# The First Line of Defense
## What is Data Validation
- "The process of ensuring that a program operates on clean, correct, and useful data"
- "Ensuring that data is strongly typed, with correct syntax, within length boundaries, contains only permitted characters, or that numbers are correctly signed and within range boundaries"
## Why Validate?
- Non-validation of data can lead to 2 serious issues
- Application vulnerabilities like injection, overflows and other unexpected behavior
- Data corruption like incomplete records, incorrectly calculated values and inconsistent data representations
- Validation for prevention is not good enough
- Should include detection so that an attacker cannot continue to probe for weaknesses until one is found
## When and Where to Validate?
- One obvious question is, where should the checking be performed? When the data first enters the program, or later by a lower-level routine that actually uses the data? Often, it's best to check in both places; that way, if an attacker manages to slip around one defense, they'll still encounter the other. The most important rule is that all data must be checked before it's used." – David Wheeler, Institute for defense analysis at IBM
- Every layer should perform it's own validation
- The appropriate tier should validate against attacks which it is susceptible to.
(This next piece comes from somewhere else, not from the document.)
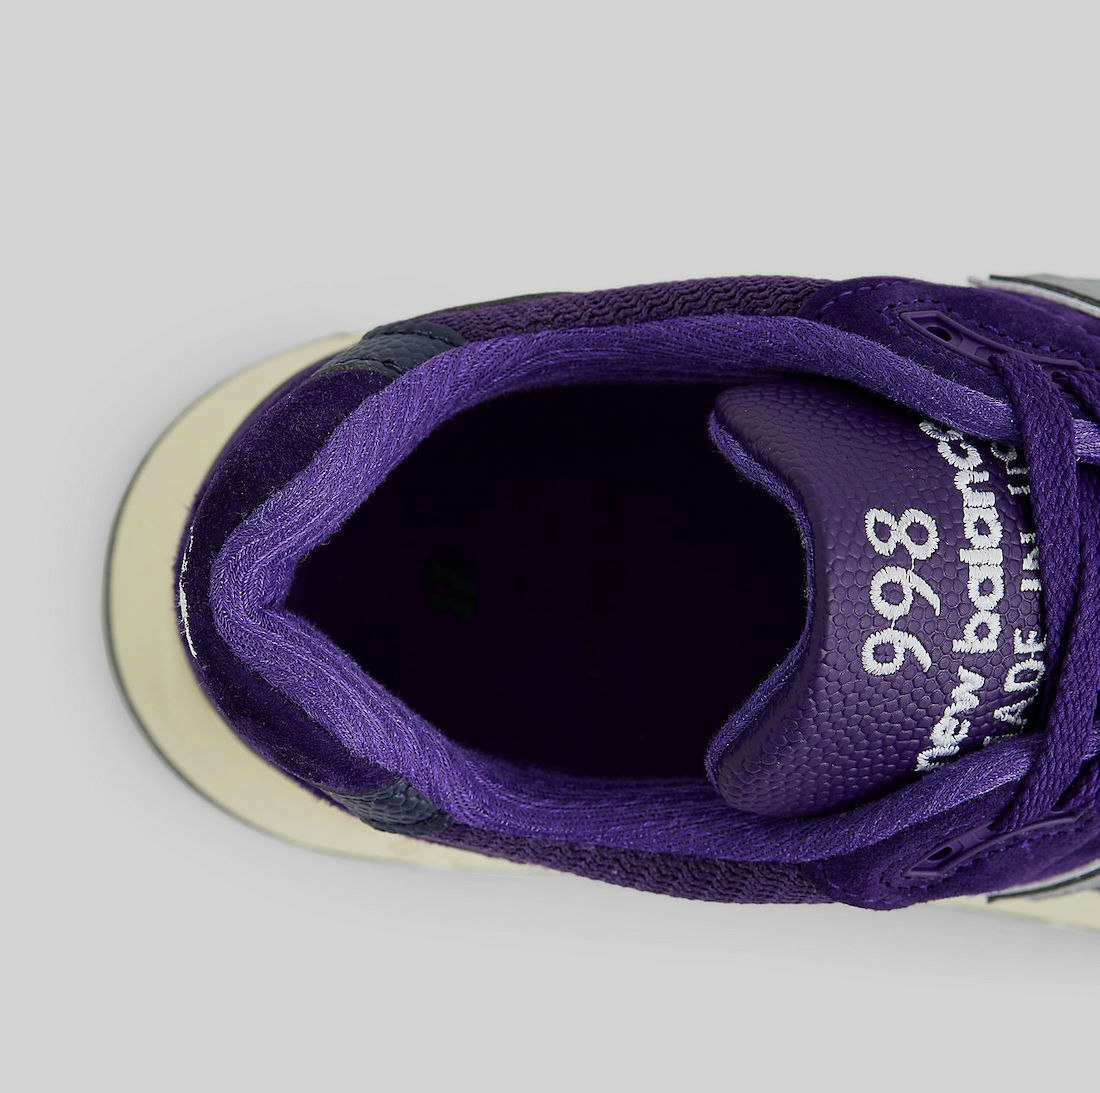 New Balance 998 "Made in USA" (Plum Purple)

- Data layer should guard against data related attacks like SQL injection but presentation and application layer should not check for SQL injection.

## General Validation Strategies
- **Whitelist** Validation Approach
- Check for expected values, ranges, permitted characters, etc.
- Ex. `if (option == ‘A’ || option == ‘B’) { permit=true;}`
- **Blacklist** Validation Approach
- Check specifically for flaws and known exploits
- Ex. `if (option.contains(“drop table”)) { permit=false;}`
- Which is better?
- Blacklist? I think, because it is easier to disallow things rather than allowing things.
- Both are valid -- blacklist is focused on security whilst whitelist can allow many things
- **Whitelist** Validation Techniques:
- Check that data is strongly typed and enforcing strongly typed data interaction
- Checking correct syntax (ex. postal code format)
- Length boundaries (10 chars, 20 chars, etc.)
- Permitted characters (ex. only numeric | alpha | alphanumeric)
- Numbers are correctly signed (ex. No negative ages)
- Range boundaries (max and min permitted values)
- Business rules (logical boundaries and expected values like interest rates)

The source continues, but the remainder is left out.